Deconstructing Ras signaling in the thymus.

Thymocytes must transit at least two distinct developmental checkpoints, governed by signals that emanate from either the pre-T cell receptor (pre-TCR) or the TCR to the small G protein Ras before emerging as functional T lymphocytes. Recent studies have shown a role for the Ras guanine exchange factor (RasGEF) Sos1 at the pre-TCR checkpoint. At the second checkpoint, the quality of signaling through the TCR is interrogated to ensure the production of an appropriate T cell repertoire. Although RasGRP1 is the only confirmed RasGEF required at the TCR checkpoint, current models suggest that the intensity and character of Ras activation, facilitated by both Sos and RasGRP1, will govern the boundary between survival (positive selection) and death (negative selection) at this stage. Using mouse models, we have assessed the independent and combined roles for the RasGEFs Sos1, Sos2, and RasGRP1 during thymocyte development. Although Sos1 was the dominant RasGEF at the pre-TCR checkpoint, combined Sos1/RasGRP1 deletion was required to effectively block development at this stage. Conversely, while RasGRP1 deletion efficiently blocked positive selection, combined RasGRP1/Sos1 deletion was required to block negative selection. This functional redundancy in RasGEFs during negative selection may act as a failsafe mechanism ensuring appropriate central tolerance.

Targeted Sos1 deletion reveals its critical role in early T-cell development.

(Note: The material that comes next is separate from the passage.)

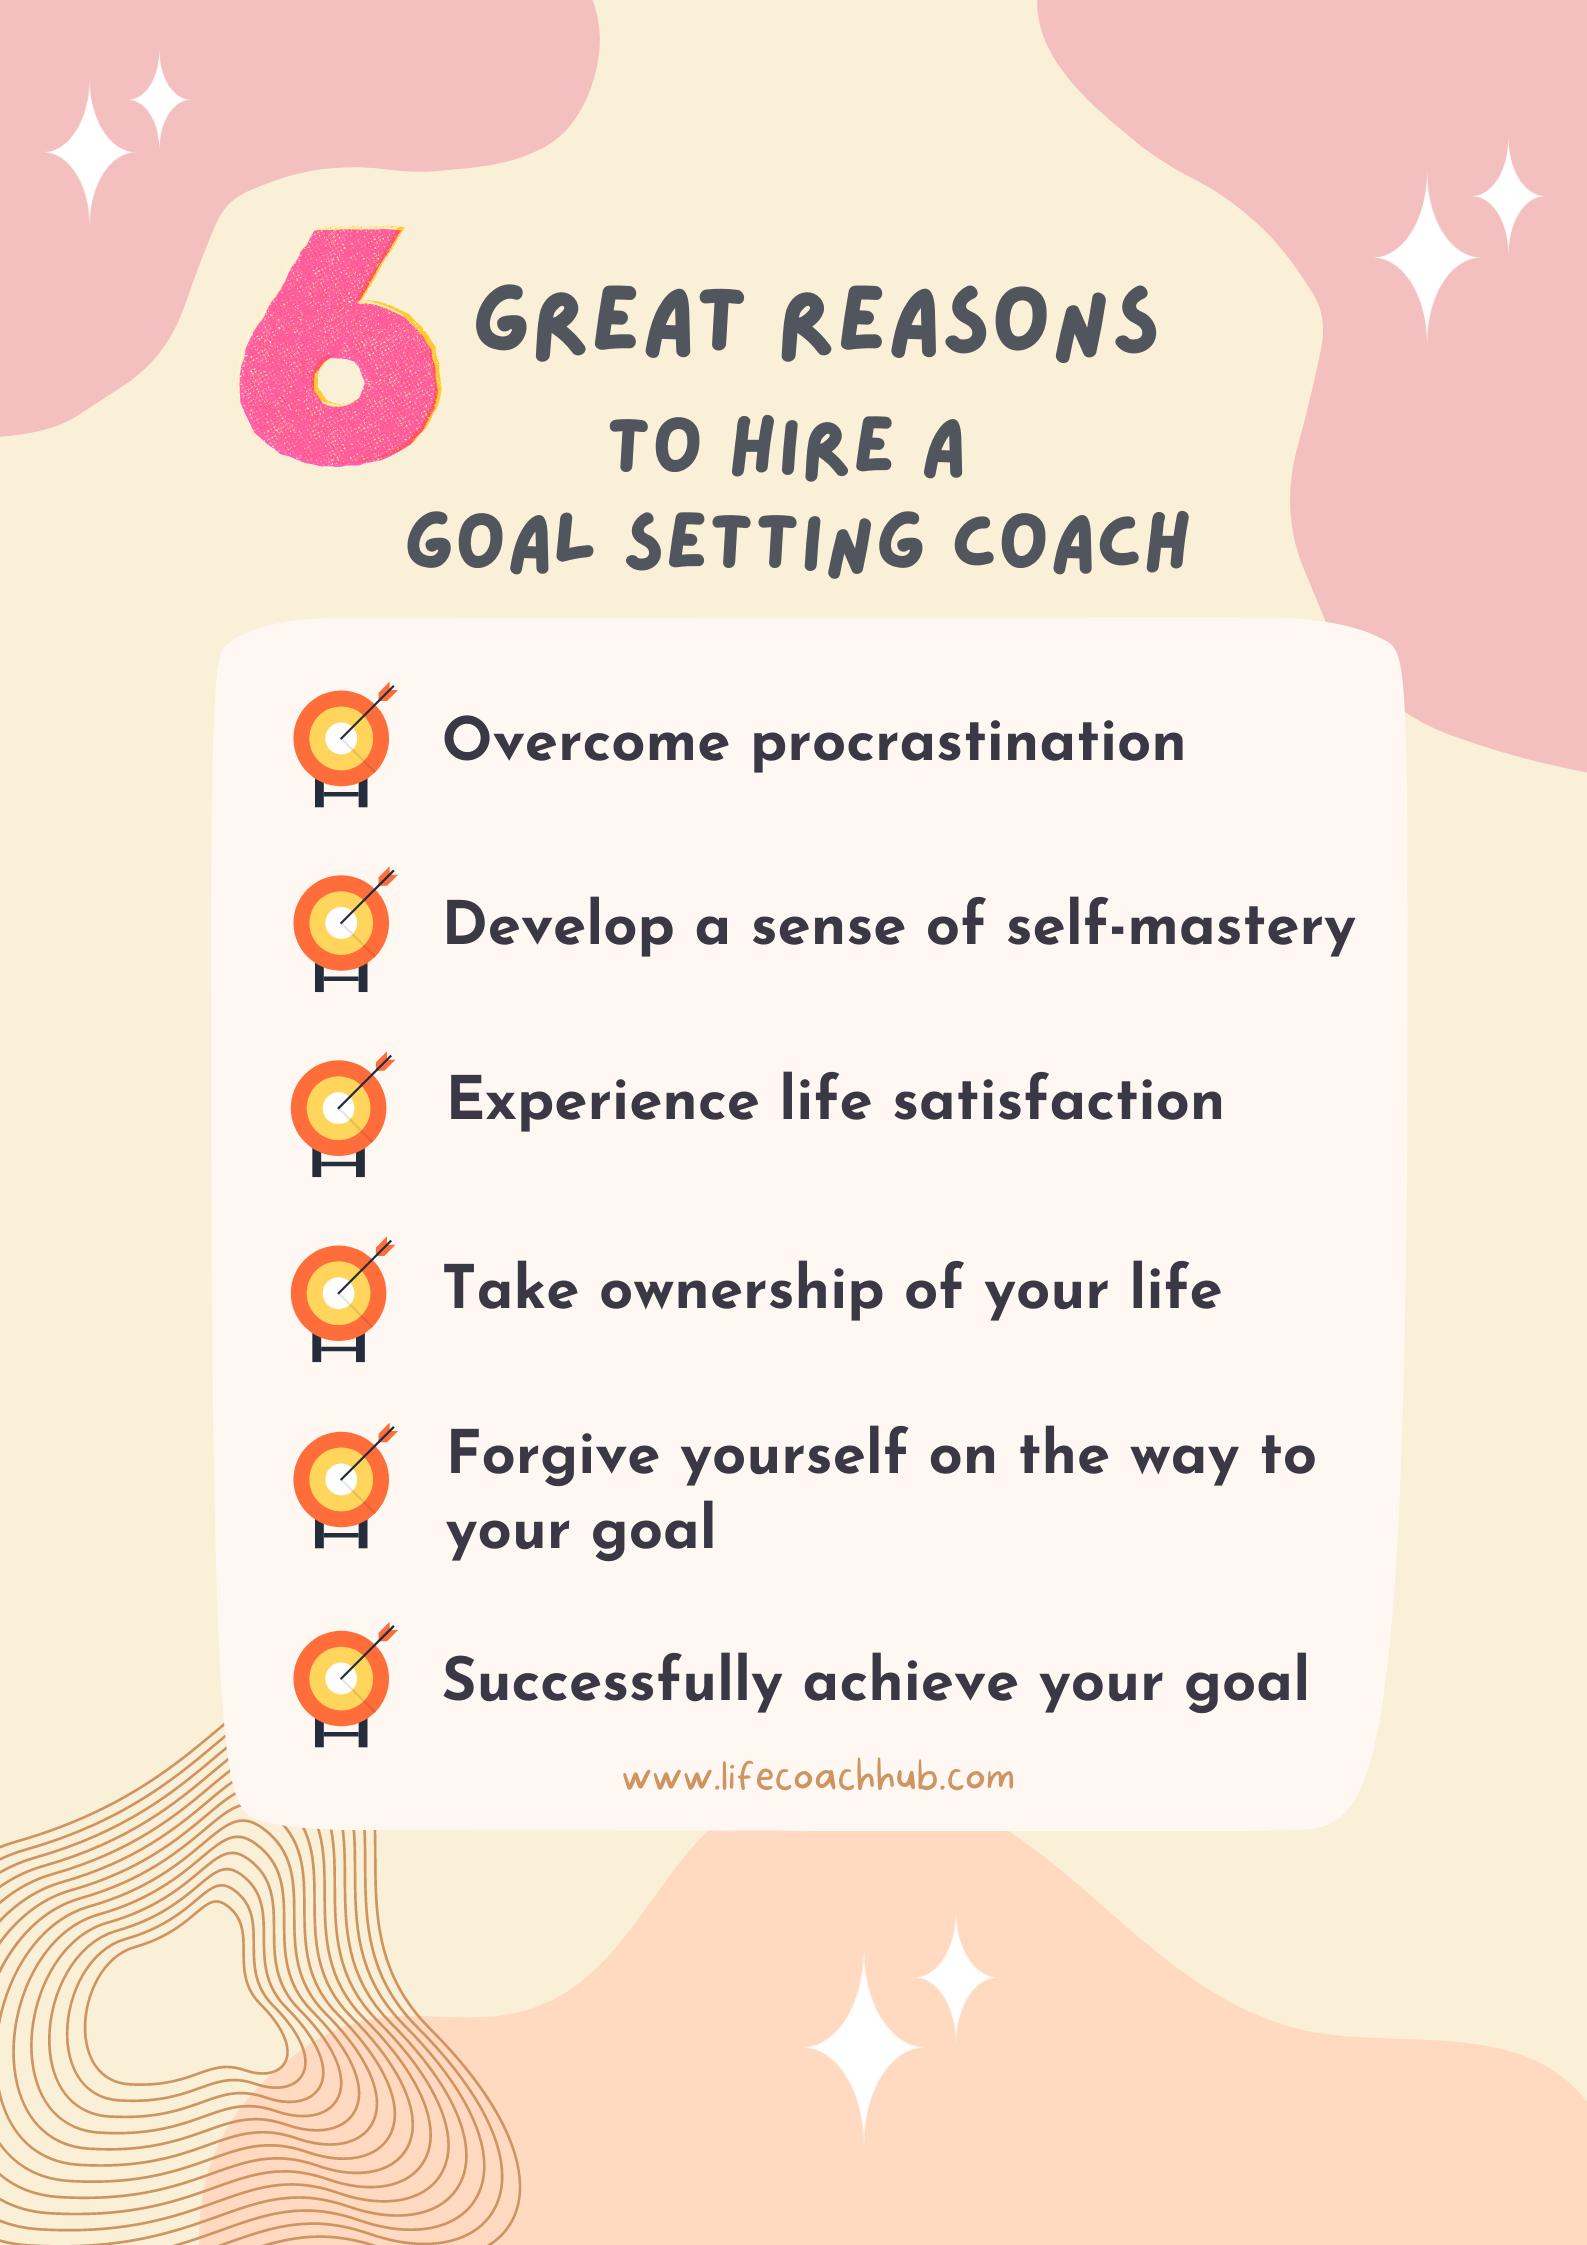 6 Great Reasons to hire a goal setting coach

Activation of the small G protein Ras is required for thymocyte differentiation. In thymocytes, Ras is activated by the Ras guanine exchange factors (RasGEFs) Sos1, Sos2, and RasGRP1. We report the development of a floxed allele of sos1 to assess the role of Sos1 during thymocyte development. Sos1 was required for pre-T-cell receptor (pre-TCR)- but not TCR-stimulated developmental signals. Sos1 deletion led to a partial block at the DN-to-DP transition. Sos1-deficient thymocytes showed reduced pre-TCR-stimulated proliferation, differentiation, and ERK phosphorylation. In contrast, TCR-stimulated positive selection, and negative selection under strong stimulatory conditions, remained intact in Sos1-deficient mice. Comparison of RasGEF expression at different developmental stages showed that relative to Sos2 and RasGRP1, Sos1 is most abundant in DN thymocytes, but least abundant in DP thymocytes. These data reveal that Sos1 is uniquely positioned to affect signal transduction early in thymocyte development.